A cure for altitude sickness
Chewing on the leaves is known to help with the discomfort accompanying the adjustment to the high altitudes of many cities in Peru. Though the amount of scientific research on the efficacy of this cure is so far minimal, every backpacker I know who has made the trek to Machu Pichu confirms the coca tea benefits reported by the Native Americans populations of the Andes.
The closest city to Machu Pichu is Cusco (elevation 3,400 m [11,200 ft]) and it is routine to chew on the leaves for the fist few days while adjusting.
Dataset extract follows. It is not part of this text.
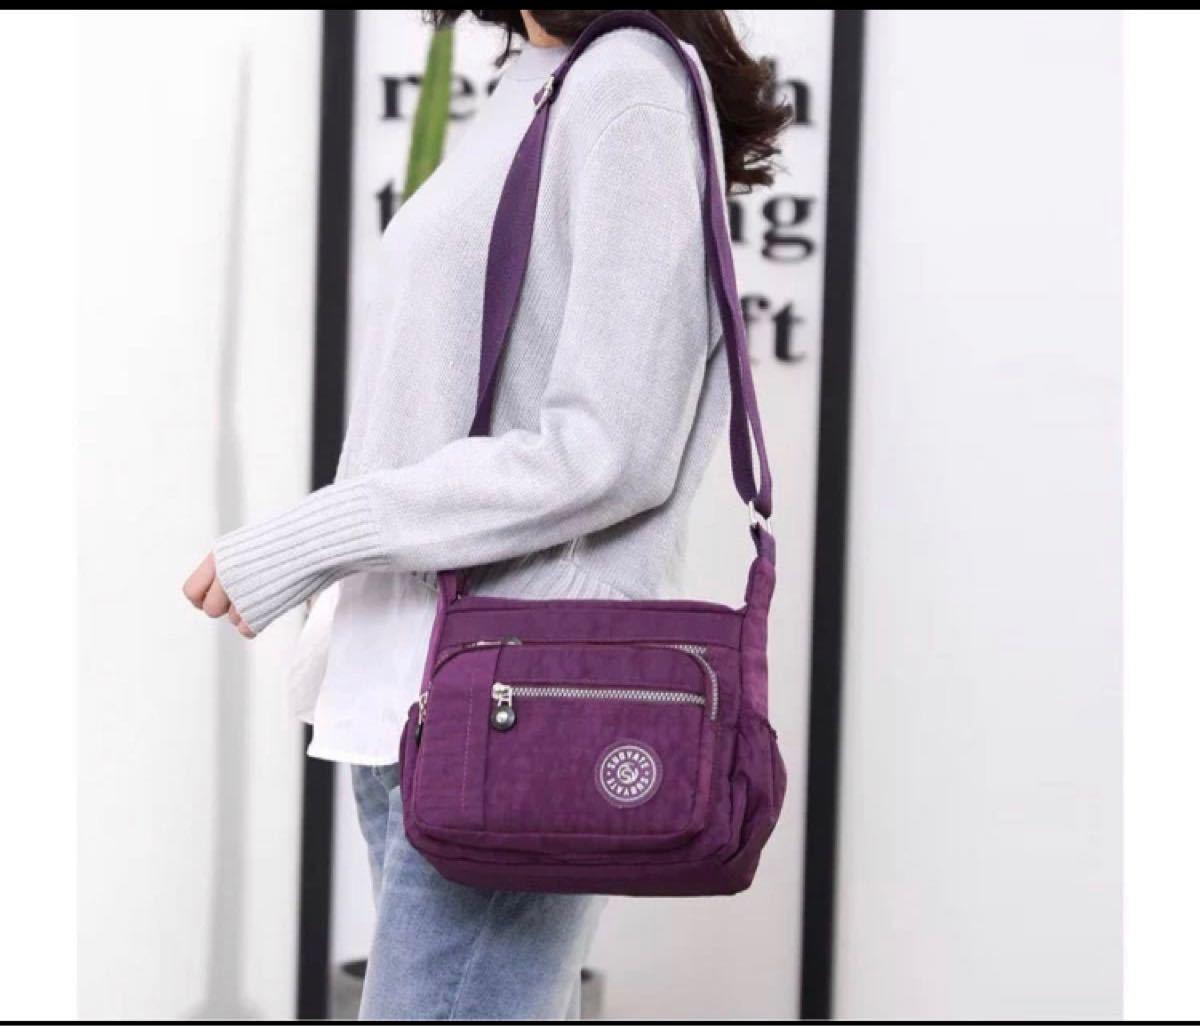 ショルダーバッグ 斜めがけ レディースバッグ 紫 パープル iPad 軽量 斜めがけバッグ マザーズバッグ アウトドア

The many Coca tea benefits are available in numberless local shops as dried leaves and are far cheaper than a trip to the pharmacy.
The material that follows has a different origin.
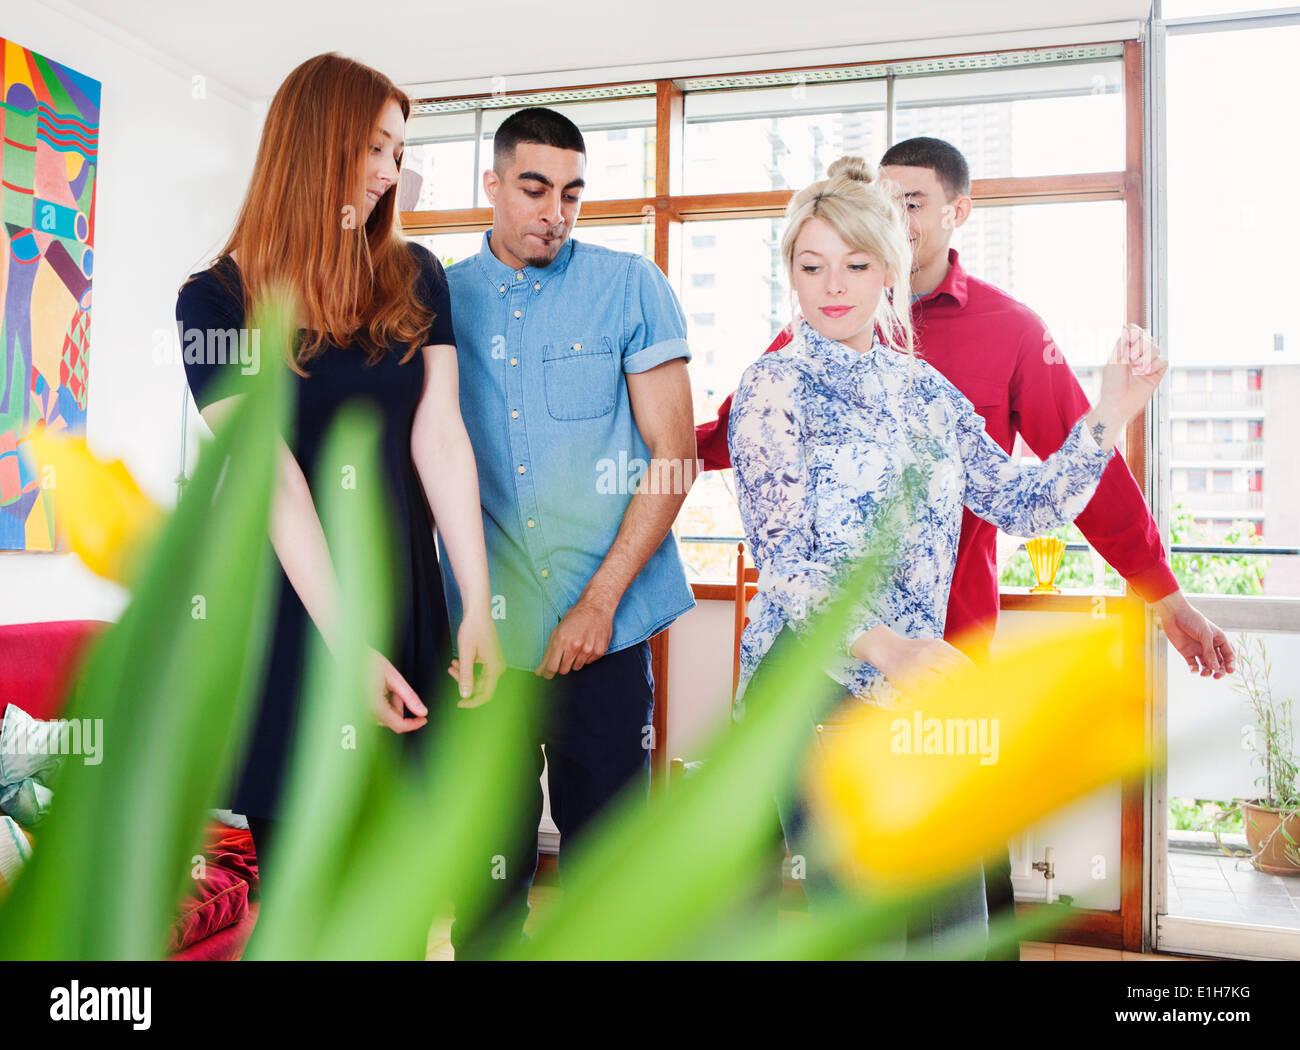 Junge Erwachsene im Wohnzimmer Stockfoto

The coca tea benefits are outweighed by the possible negative health effects
This myth is another confusion of the alkaloid cocaine with the plant it comes from. Coca in it’s natural state is harmless. The fact that potatoes sometimes contain neurotoxins or that apple seeds contain cyanide is no cause for alarm because the poisonous chemicals are innocuous when consumed in such small quantities.
Good for digestion
Have a stomach ache? The coca tea benefits anyone suffering from gastrointestinal distress. I have talked to many people here in Colombia who swear by it, and as in Peru it is cheaper than Pepto-Bismol. I myself have experienced how coca tea benefits and settles the stomach.
The growing popularity of holistic medicine, organic vegetables, and natural foods means that the United States is more ready than ever for cessation of the ban and an acknowledgement of the many ways coca tea benefits the human body.
High in vitamins and minerals
The leaves are a good source of vitamins A and C, as well as calcium, riboflavin, iron, phosphorous, and potassium.
Where to find: Markets all over Latin America. The tea that I tried came from a small shop in Parque Arvi. Just walk out of the metro cable cars down the road and it’s on your right after coming down the hill path lined with venders selling Jewelry, Botero miniatures, snacks, desserts, and clothing.
Upon walking into the shop I was offered a seat. A bowl of dried coca leaves was placed before me. A cup of tea and a shot of rum was offered to us free of charge. The people running the shop were friendly and helpful. I understood parts of the brief history of the coca plant that was delivered in Spanish.
We talked about the many parts of Colombia worth visiting. One of the owners of the shop recommended we visit Sante Fe, a pueblo a few hours outside of Medellín that contains many examples of colonial Spanish architecture. Trying out the coca tea benefits is not very expensive at 10.000 COP for 20 tea bags. Rum infused with coca leaves is also available for 20.000 COP.
The coca leaf is illegal
The coca leaf is legal in most Latin American countries. During the 20th century some Latin American governments outlawed the leaf in order to ally with the United state. By the 1990’s those laws had been everywhere rescinded. Nowadays, it is only banned in the US and Europe.
The states of Latin America most familiar with it’s uses consider it no more a dangerous than camomile or earl grey. If more information was made available to the public the numerous benefits of this misunderstood plant would become available as the draconian measures of the 20th century are lifted.
The possibility that the many coca tea benefits discovered could be used for the betterment of society is too tempting to pass up. The taboo must be lifted. An objective view of the coca plant, hitherto impossible, will finally be realized in the 21st century.